- ABOUT THIS TASK: The reply should consist solely of the lines from the one with "The Clean Hydration" through the final line of the listing, copied exactly, with no pictures.

- THE DATA:
------------------------------

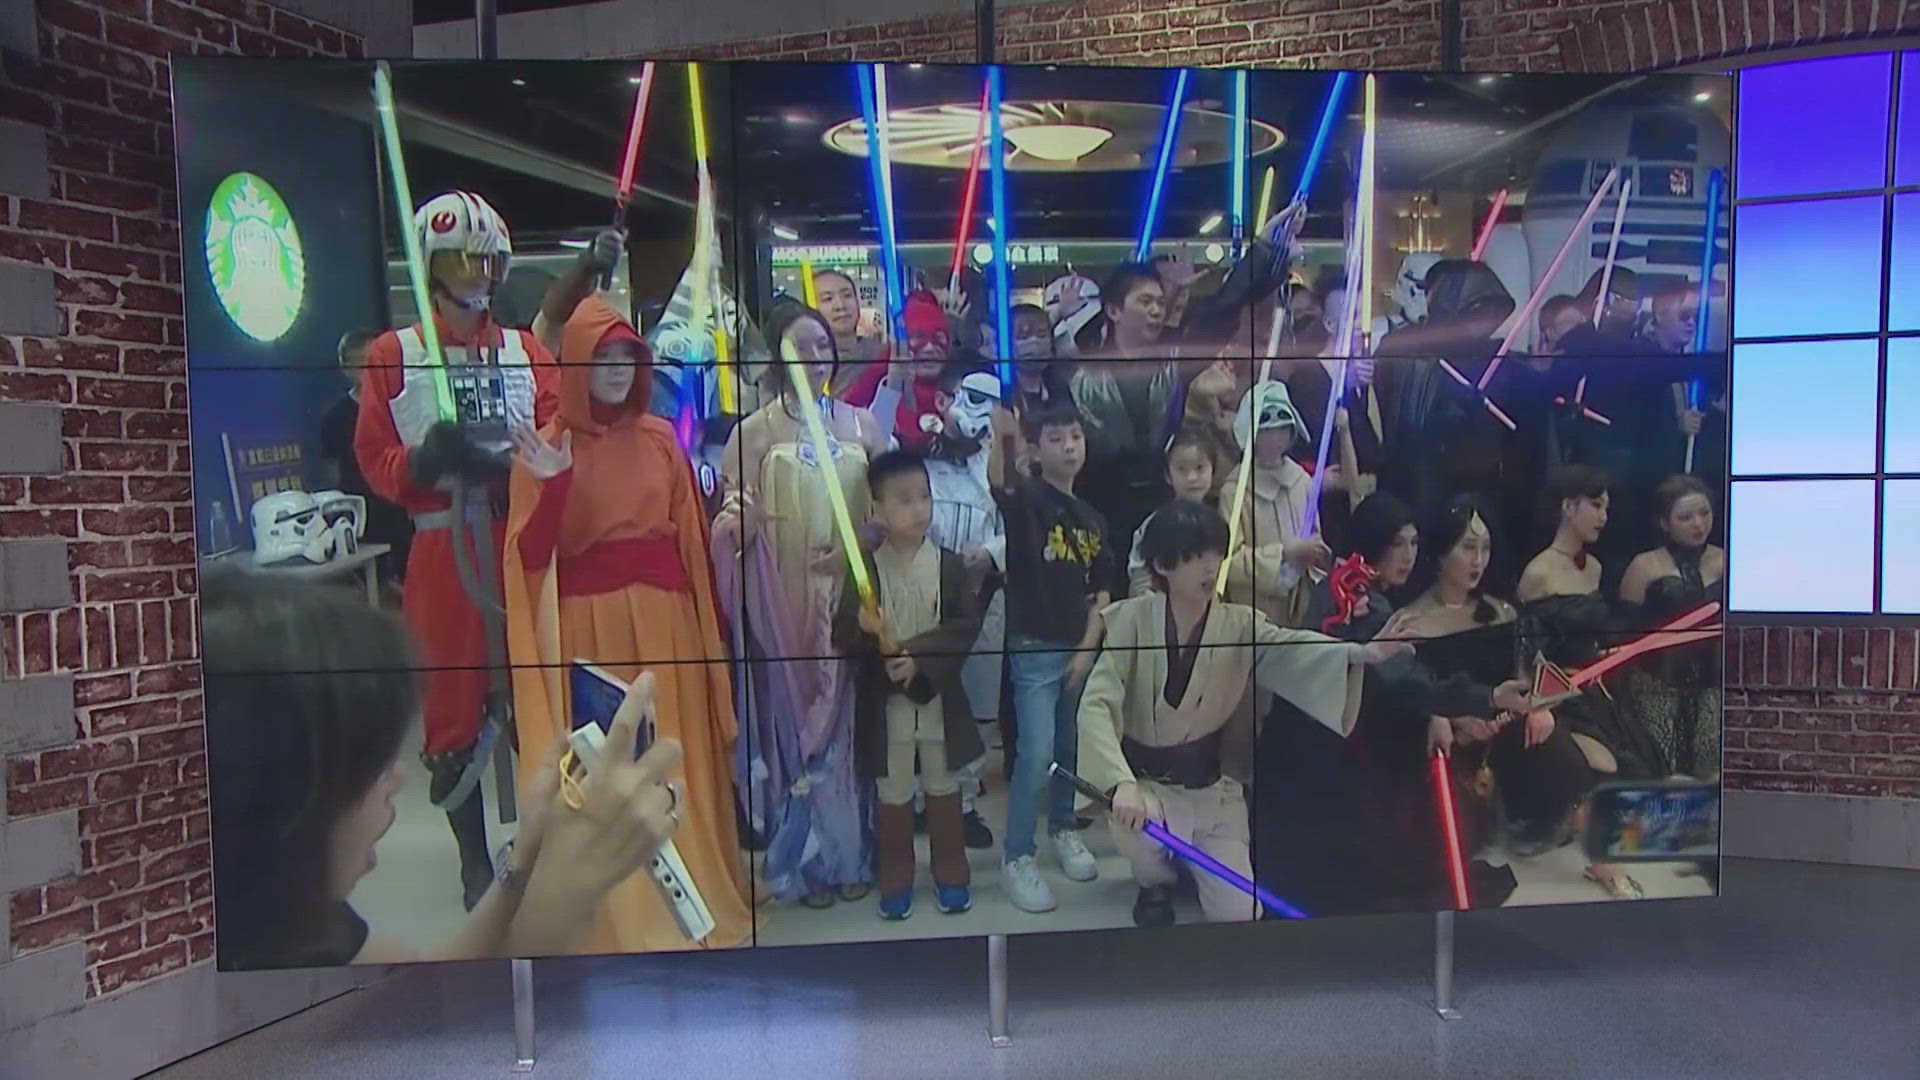 Fans of the movie franchise across the globe celebrate with costumed parties and festivals.
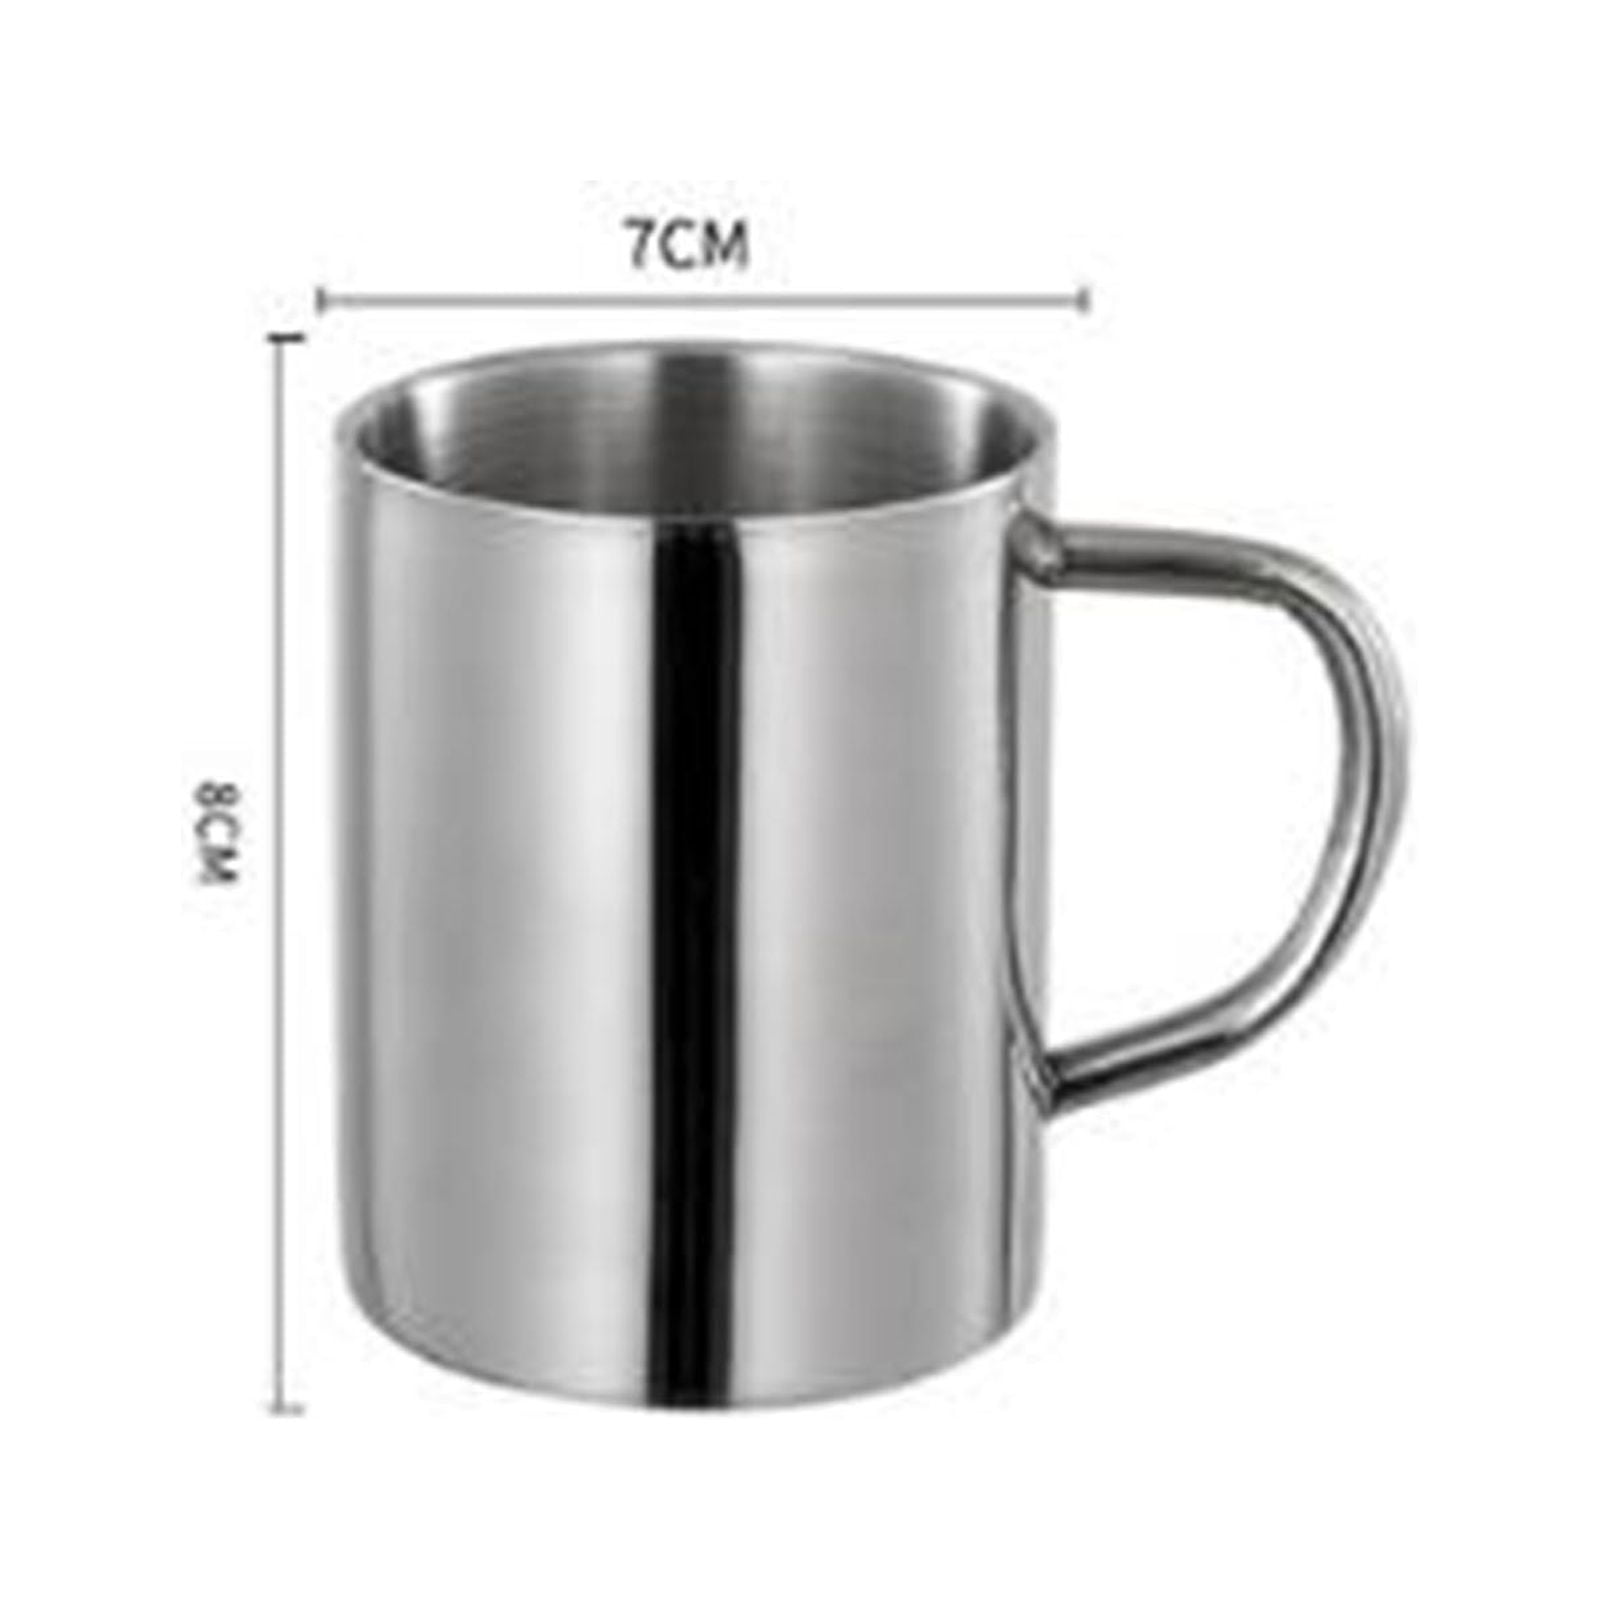 The Clean Hydration MUG12002 12 oz Insulated Stainless Steel Coffee Mug Cup with Ceramic Inner Coating & No Metal Taste - Gray
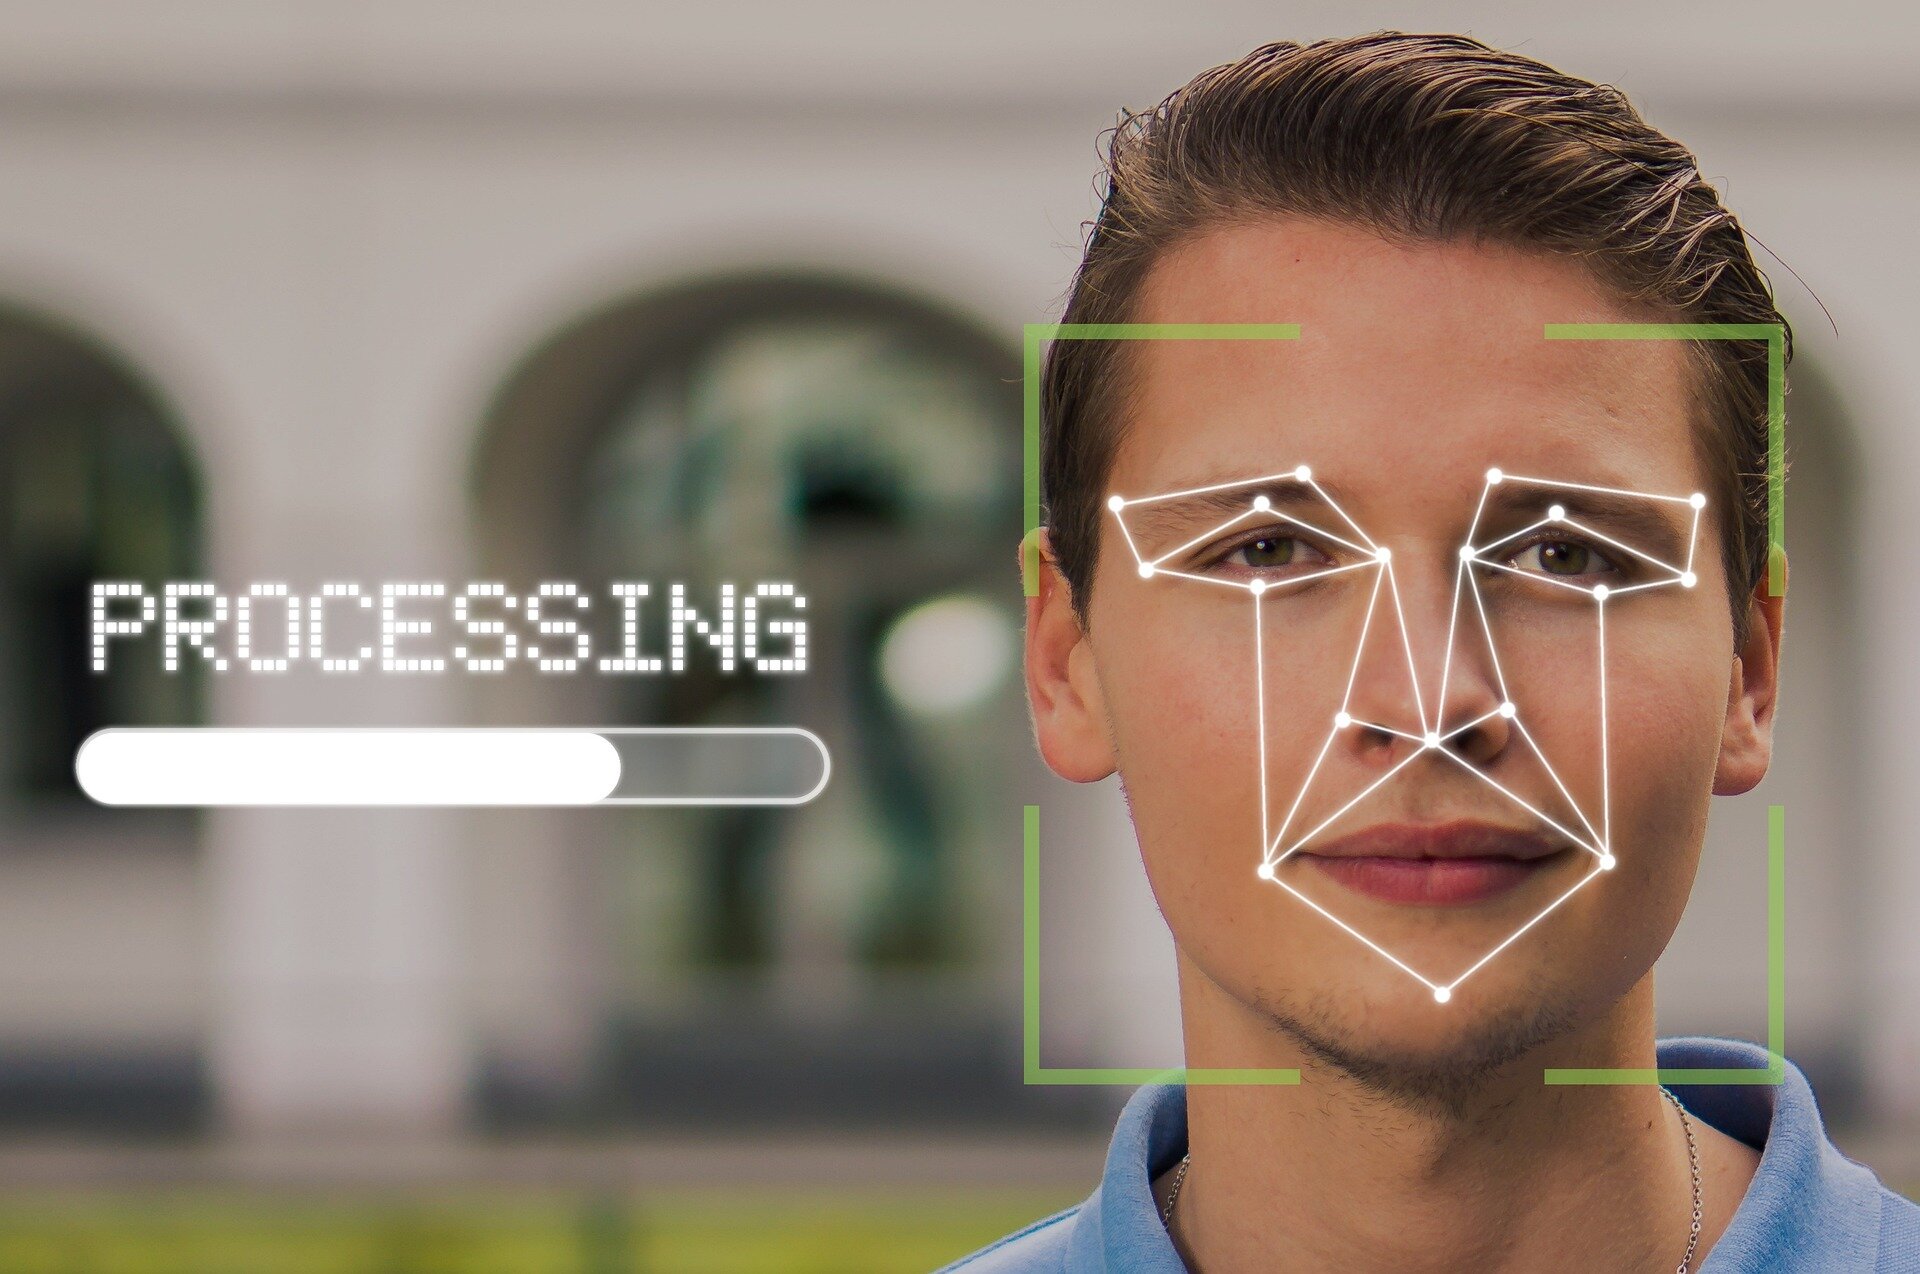 Testing of super-recognizers shows some have truly remarkable abilities

------------------------------

- WRITTEN RESPONSE:
 The Clean Hydration MUG12002 12 oz Insulated Stainless Steel Coffee Mug Cup with Ceramic Inner Coating & No Metal Taste - Gray
 Testing of super-recognizers shows some have truly remarkable abilities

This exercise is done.